• _EXERCISE REQUIREMENTS_
Leave the pictures out, and print everything else in the records exactly.

☆ ☆ ☆ ☆ ☆

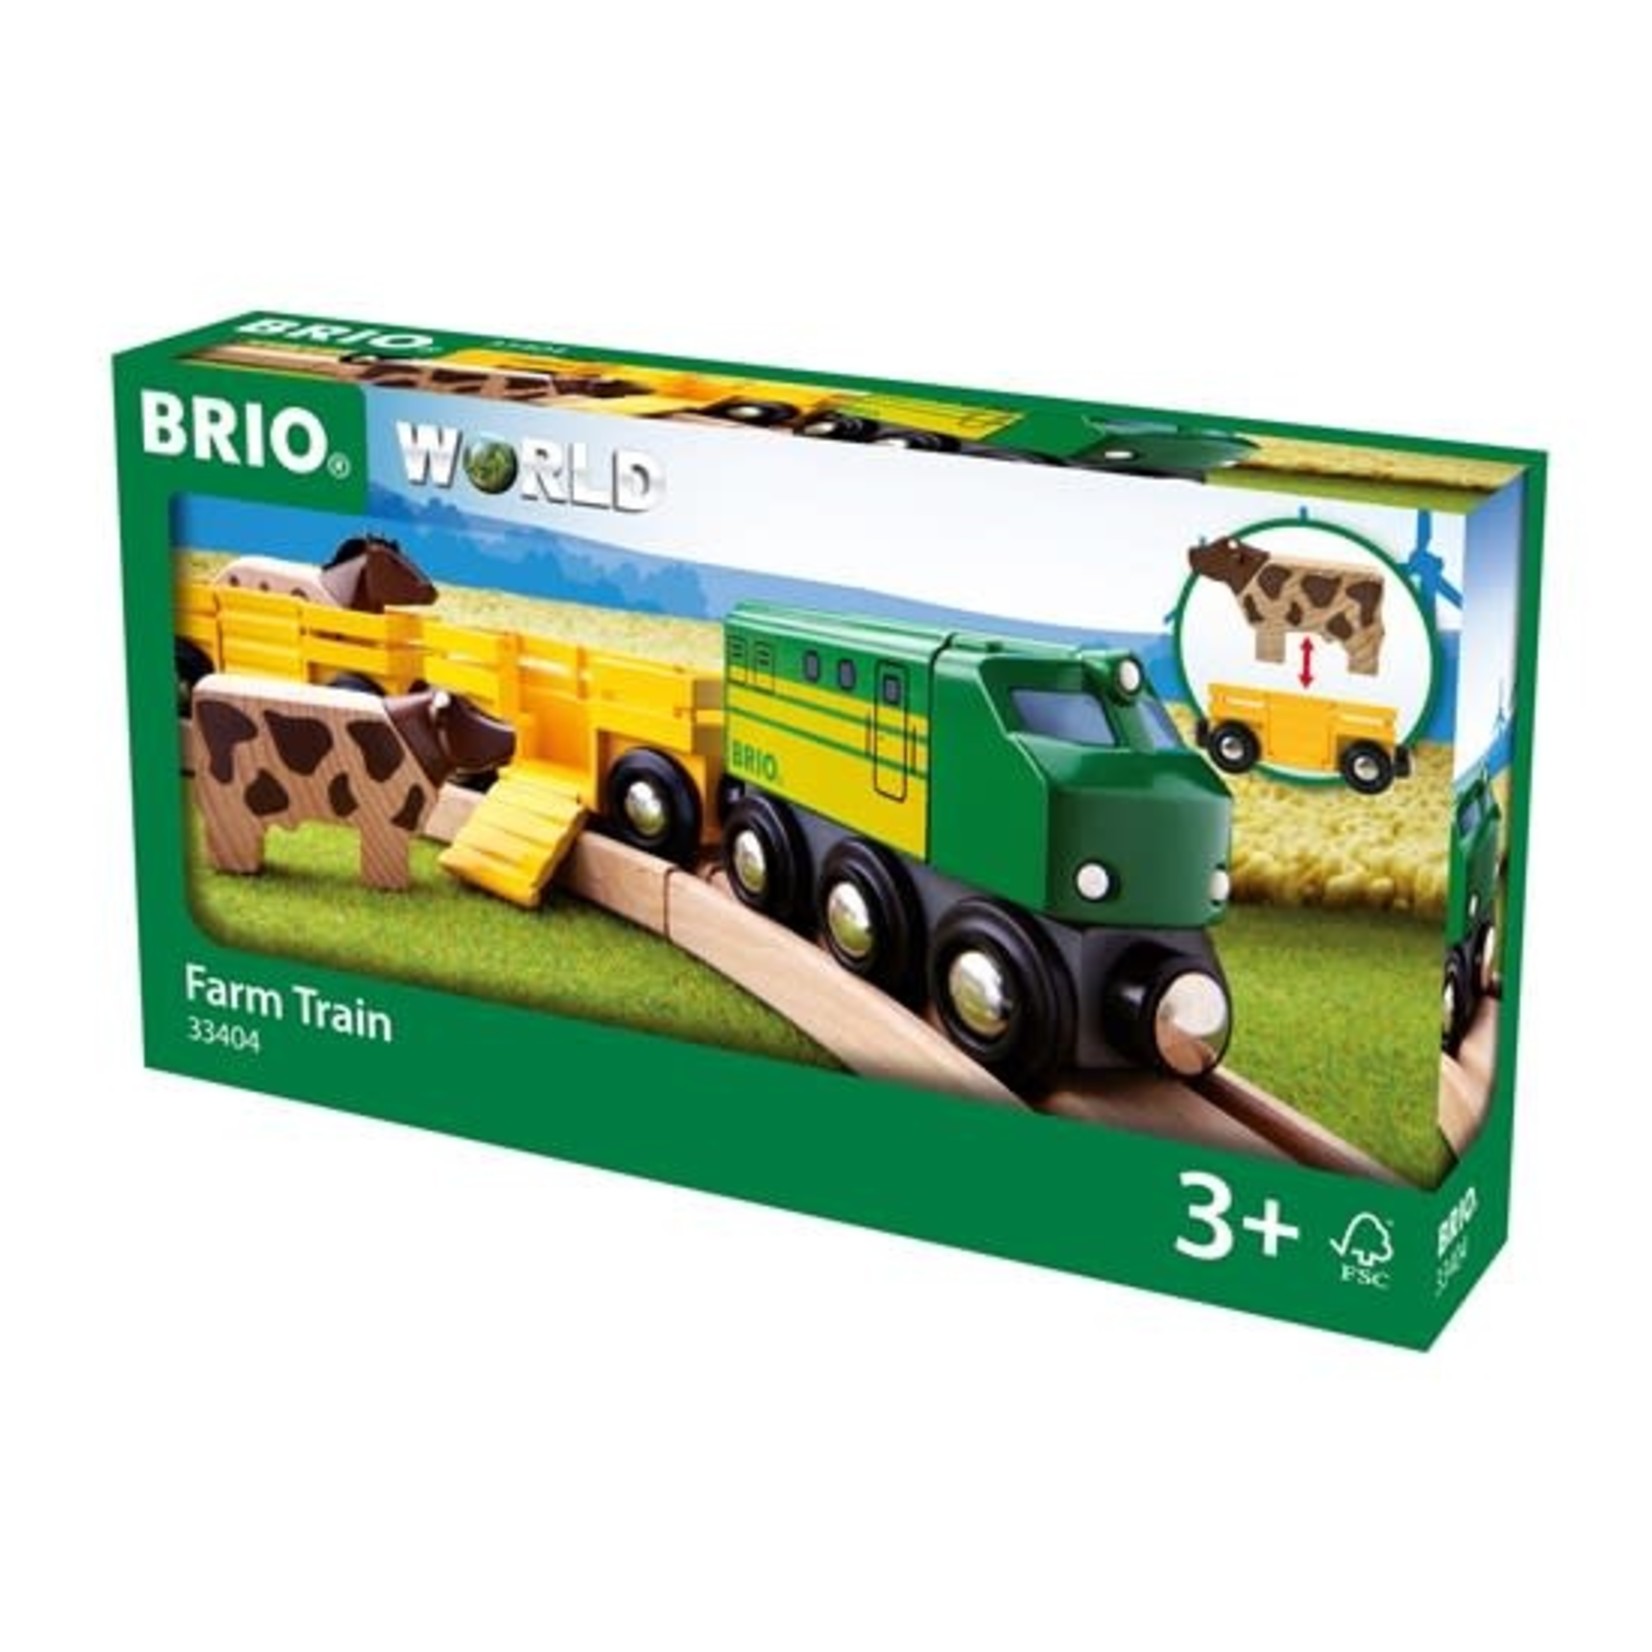 Brio Farm Train Set
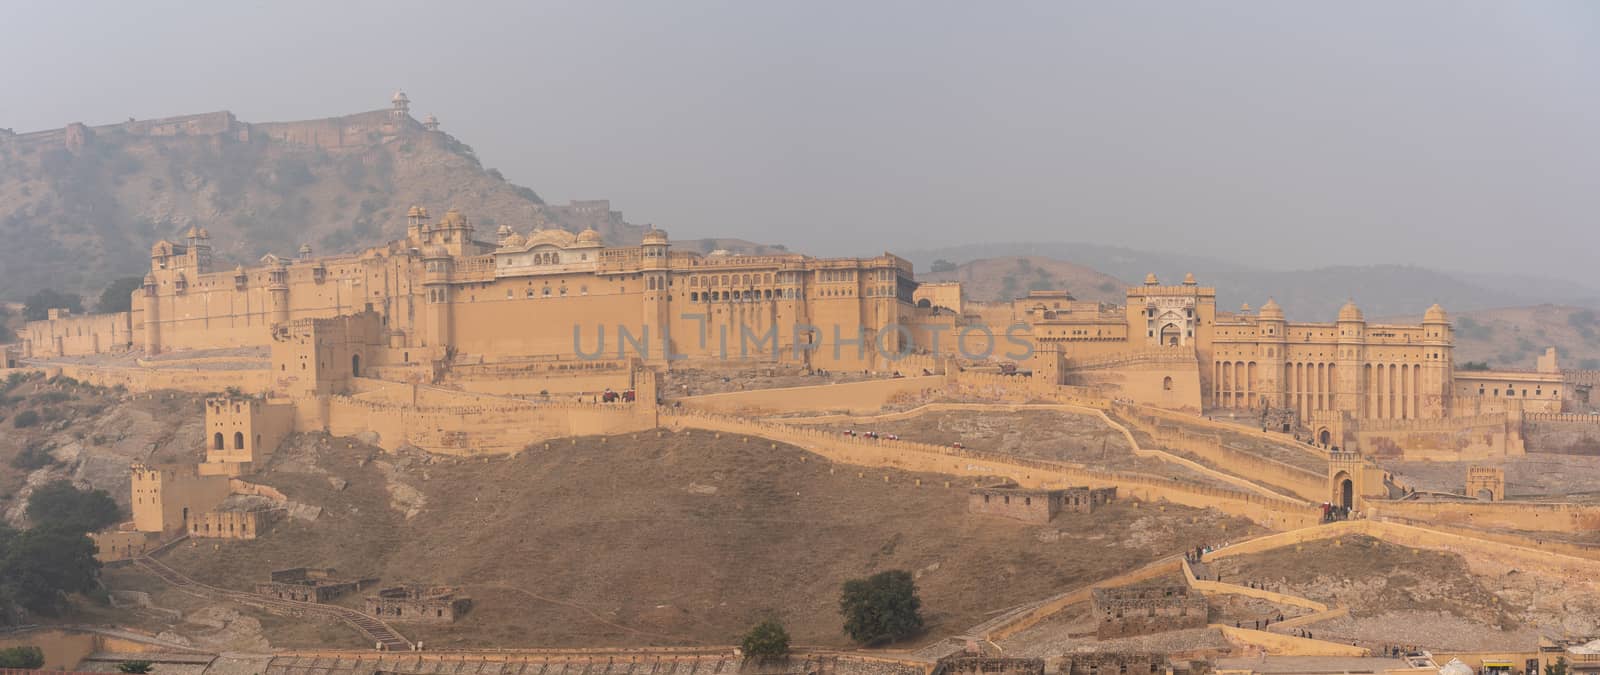 Amber Fort in Jaipur, India by oliverfoerstner
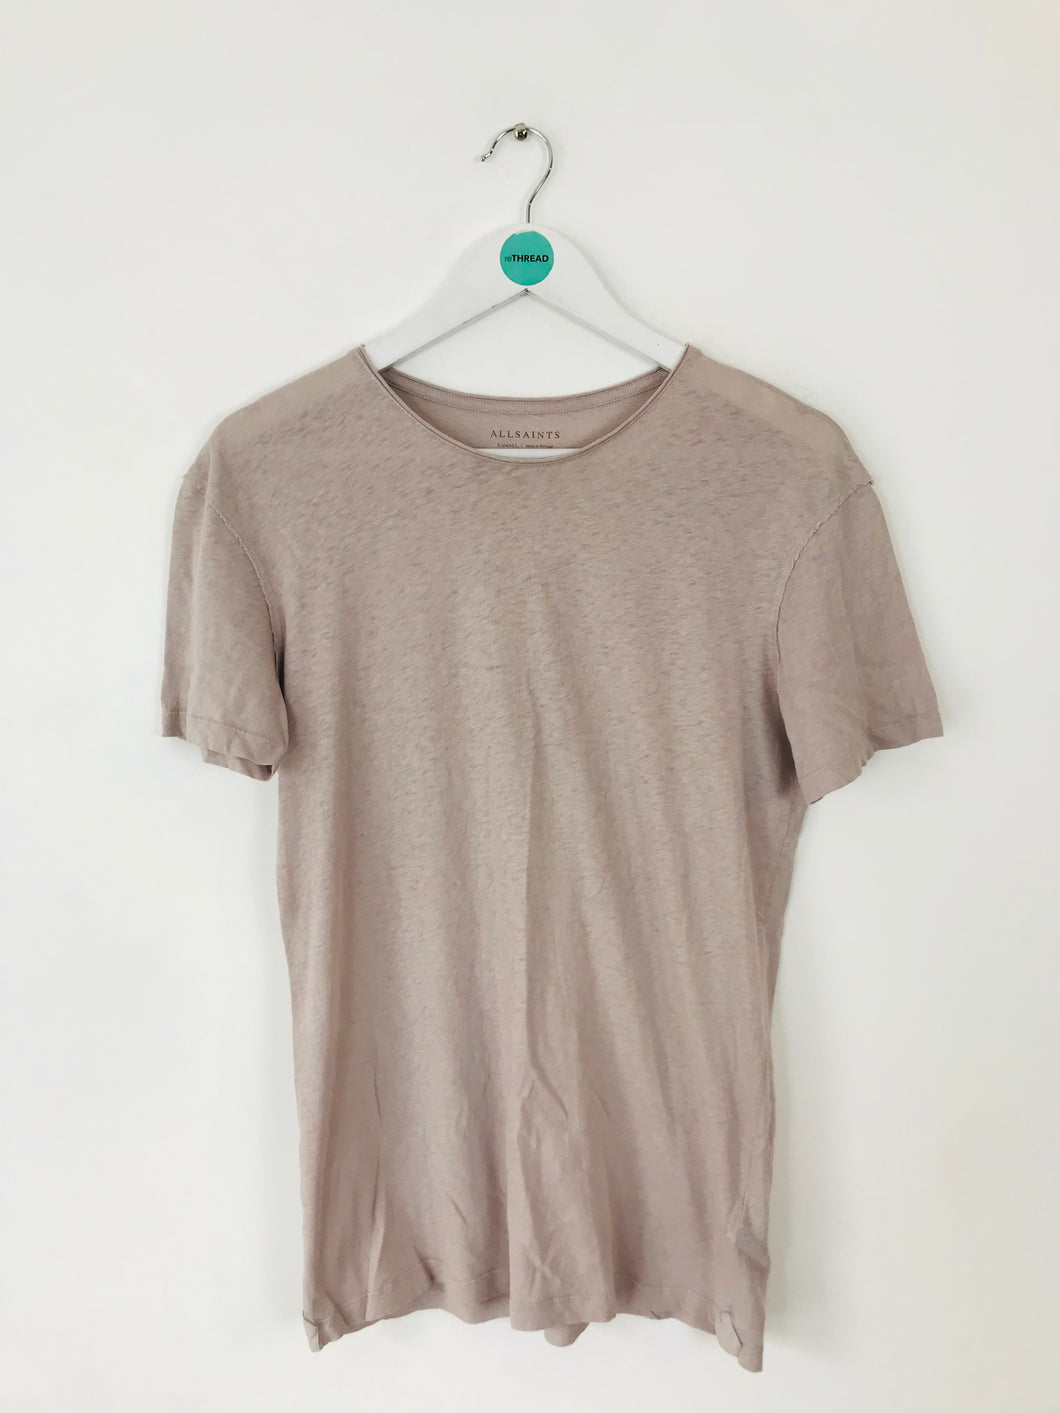 Allsaints Women’s Jersey T-Shirt Top | XS | Beige
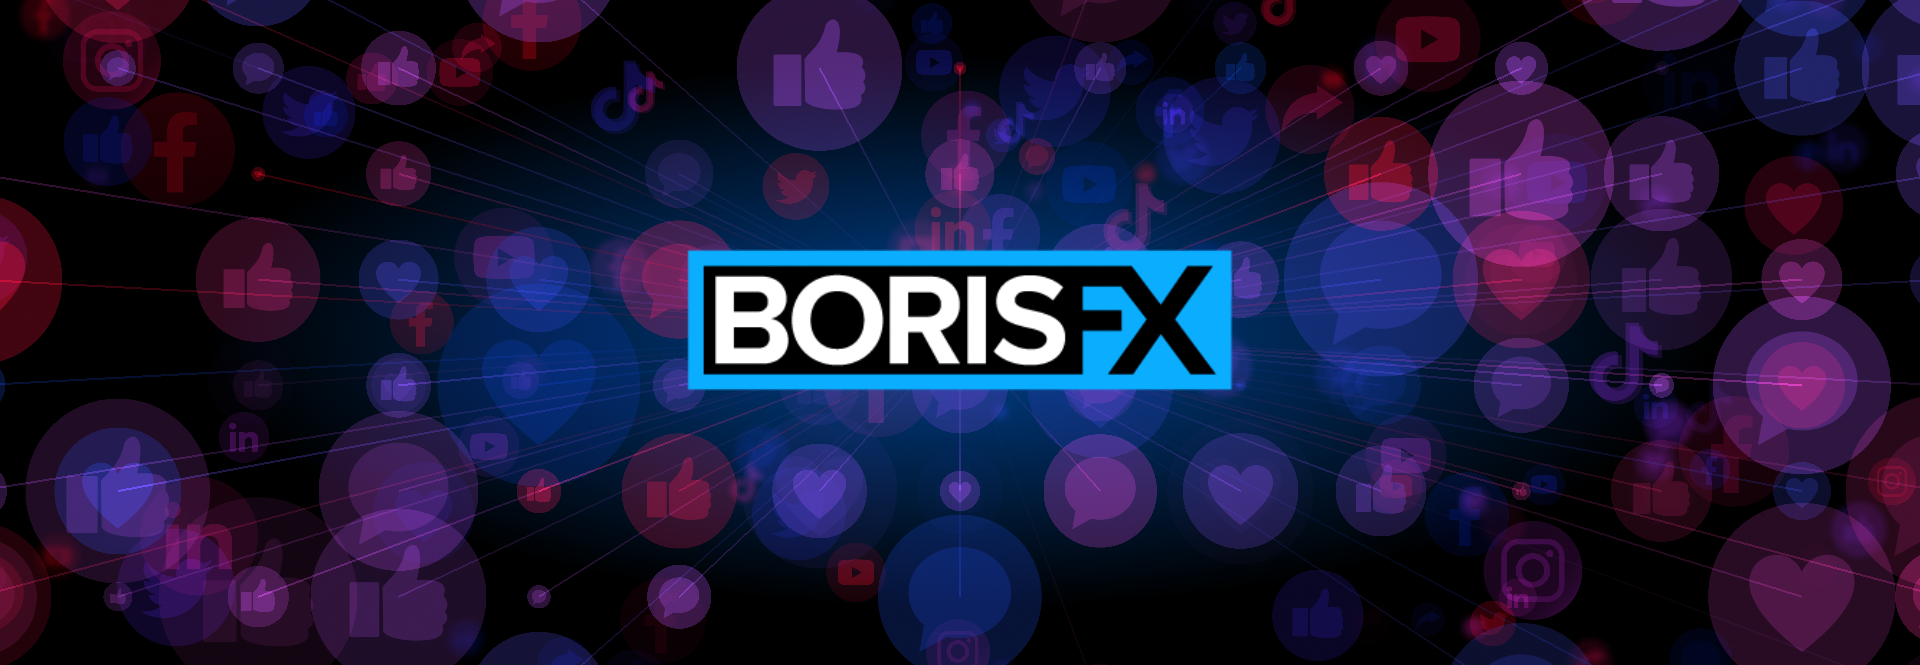 Boris FX Banner
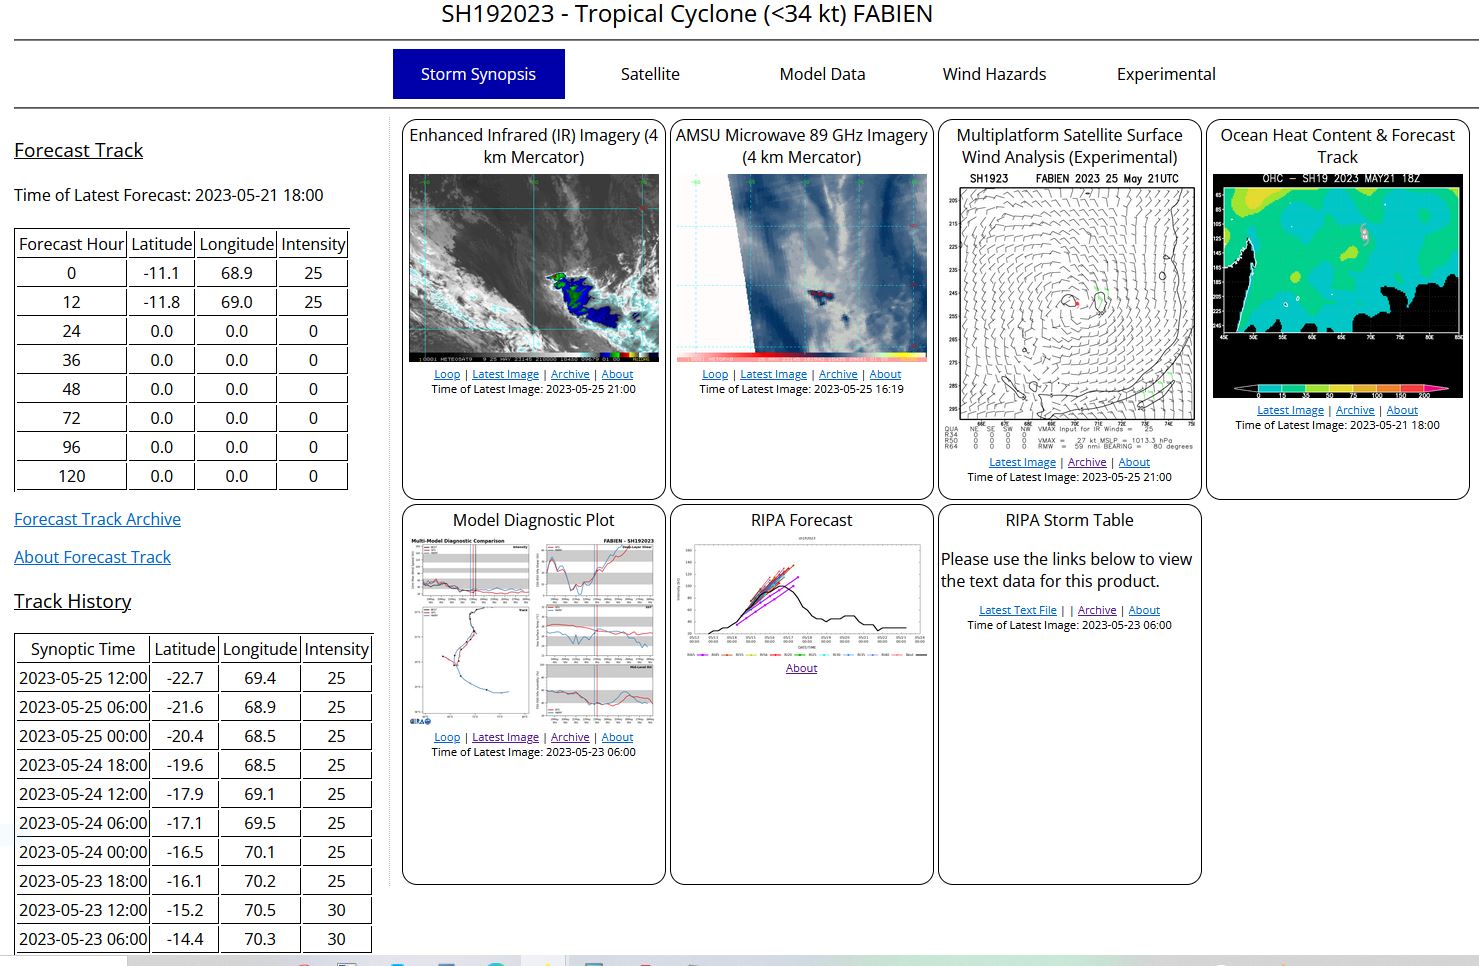 Impressive Super Typhoon 02W(MAWAR) is peaking at CAT 5 US over the Philippine Sea//Remnants of TC 19S(FABIEN)//2521utc

☆ ☆ ☆ ☆ ☆

• _RESPONSE BELOW_
 Brio Farm Train Set
 Amber Fort in Jaipur, India by oliverfoerstner
 Allsaints Women’s Jersey T-Shirt Top | XS | Beige
 Boris FX Banner
 Impressive Super Typhoon 02W(MAWAR) is peaking at CAT 5 US over the Philippine Sea//Remnants of TC 19S(FABIEN)//2521utc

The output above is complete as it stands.